■ **What is expected**: Only those lines running from the line that contains "Hand crafted mount" through the end of the material are to be written out, each exactly as shown.

■ **Dataset extract**:
=== Section Start ===

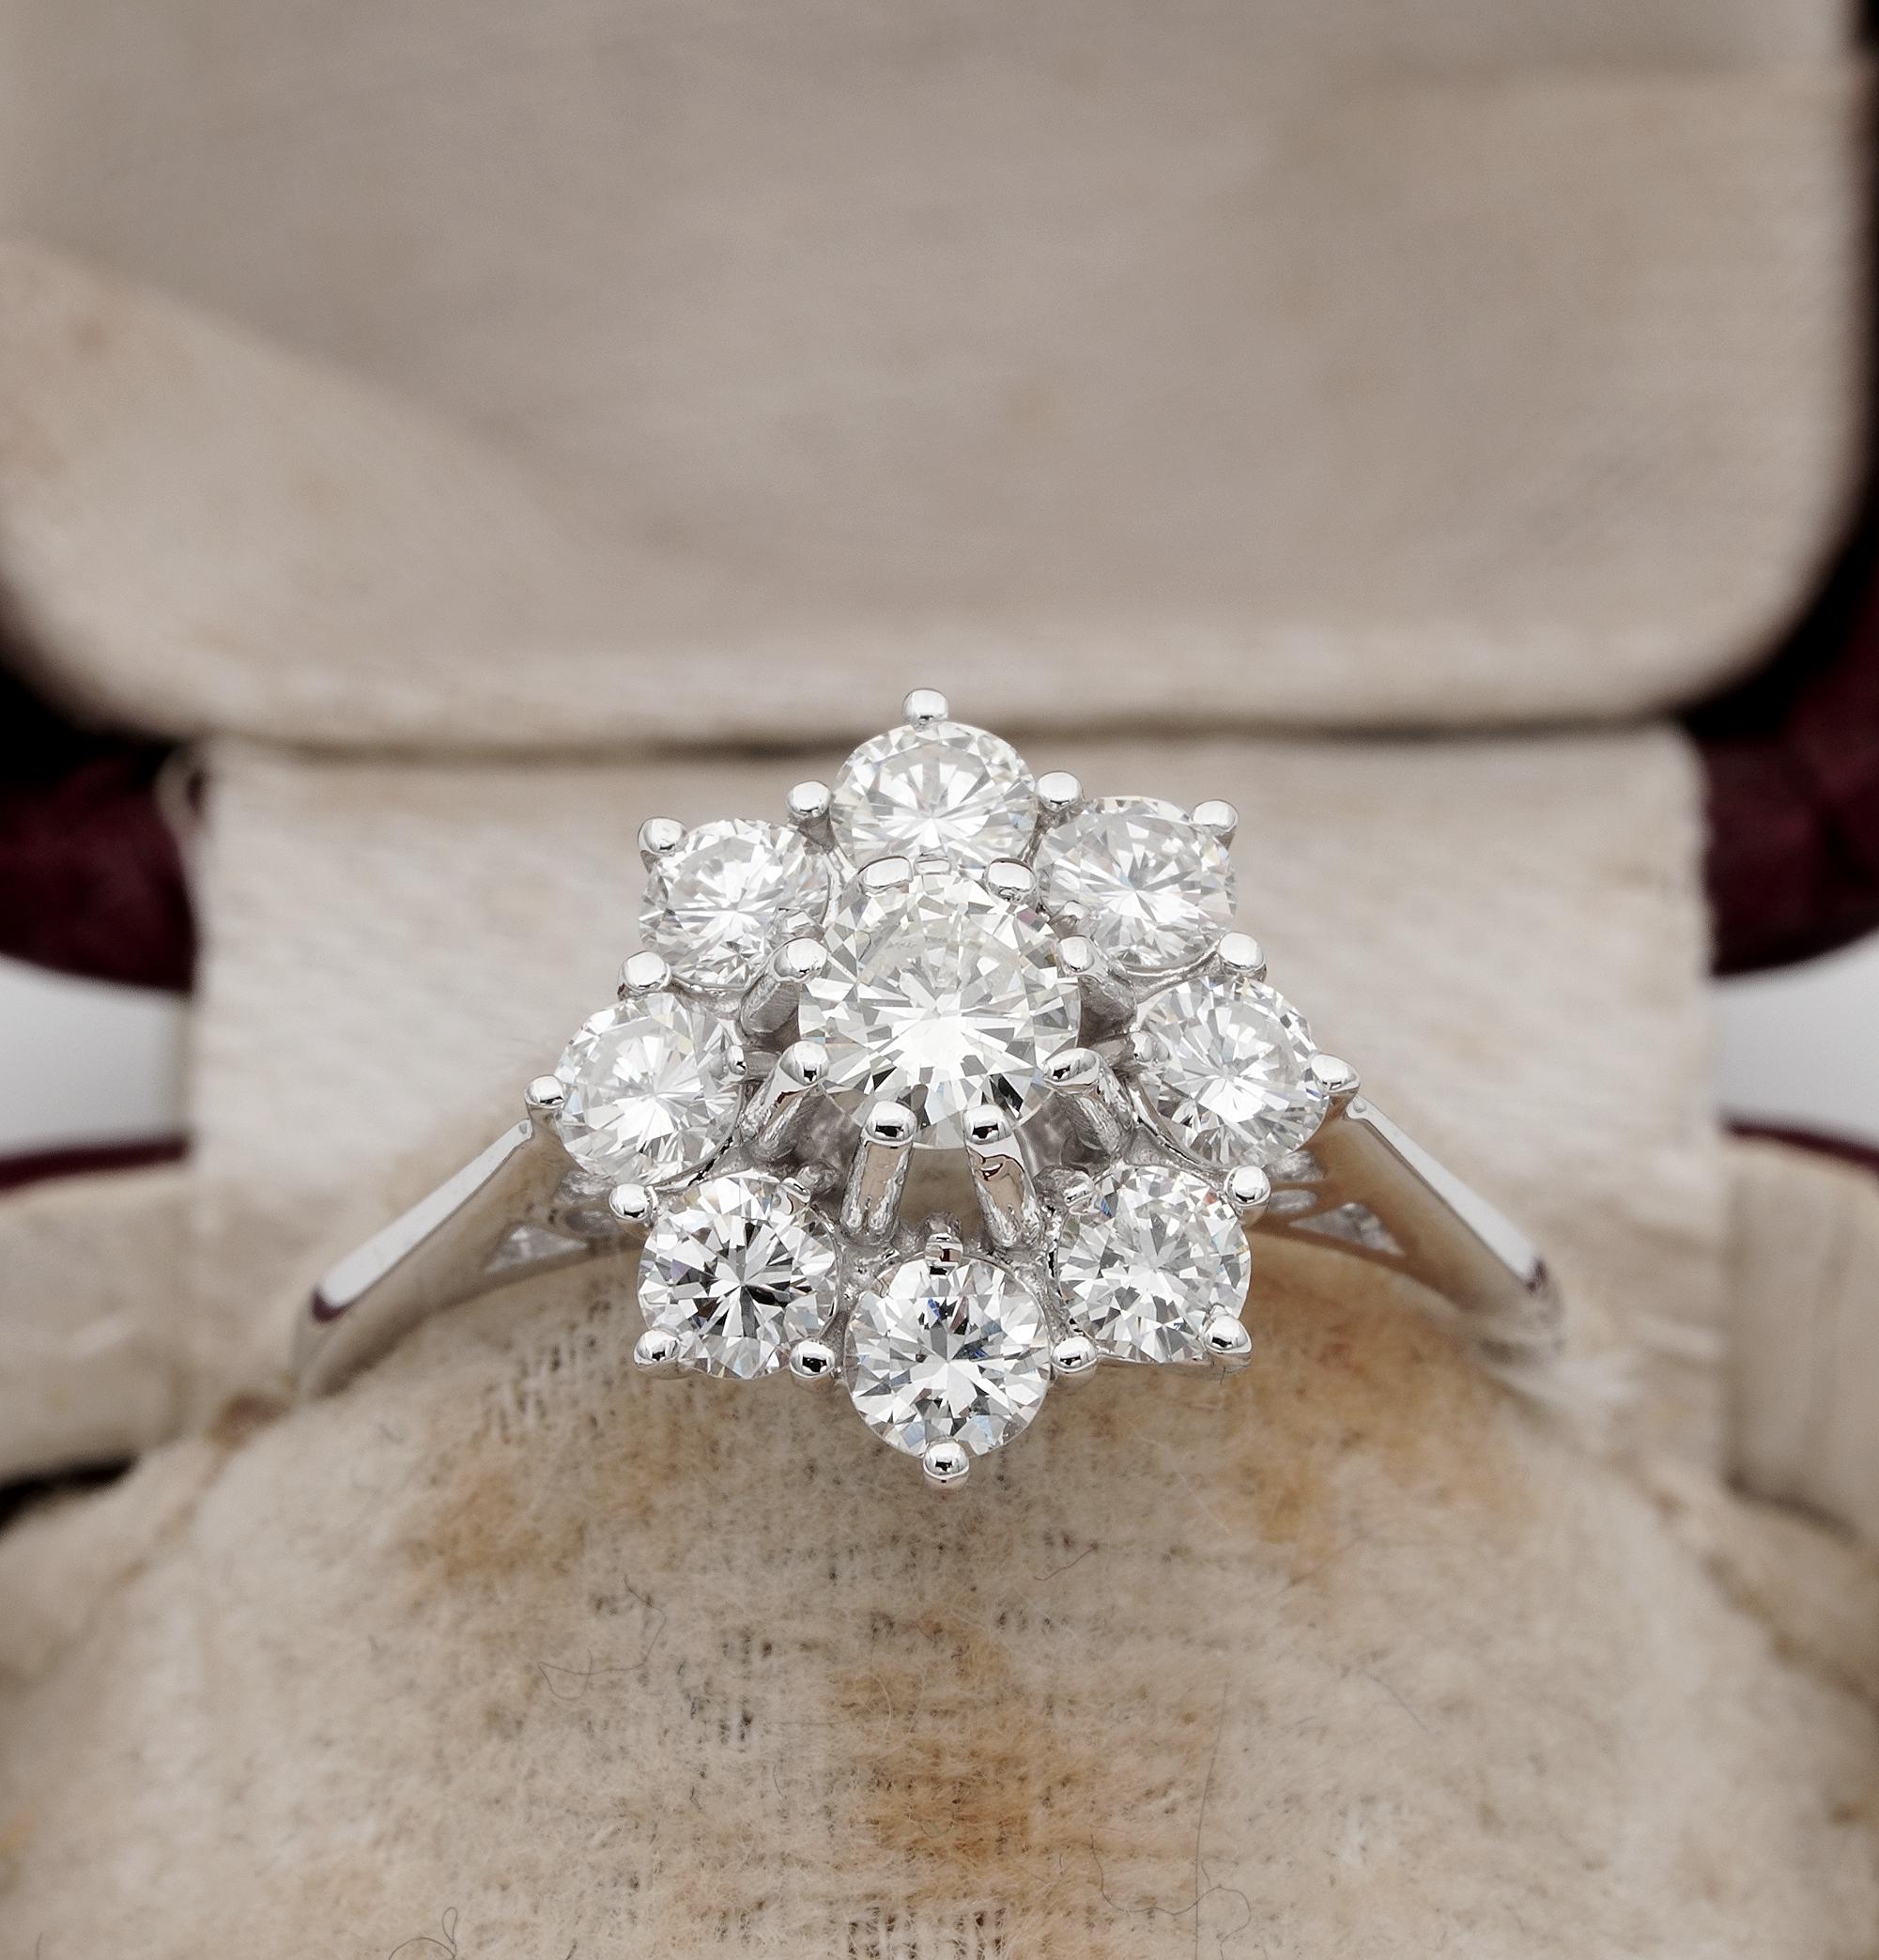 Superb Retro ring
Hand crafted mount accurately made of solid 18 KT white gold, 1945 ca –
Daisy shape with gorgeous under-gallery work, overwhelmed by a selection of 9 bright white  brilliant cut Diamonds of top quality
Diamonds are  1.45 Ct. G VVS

=== Section End ===

■ **Finished task**:
Hand crafted mount accurately made of solid 18 KT white gold, 1945 ca –
Daisy shape with gorgeous under-gallery work, overwhelmed by a selection of 9 bright white  brilliant cut Diamonds of top quality
Diamonds are  1.45 Ct. G VVS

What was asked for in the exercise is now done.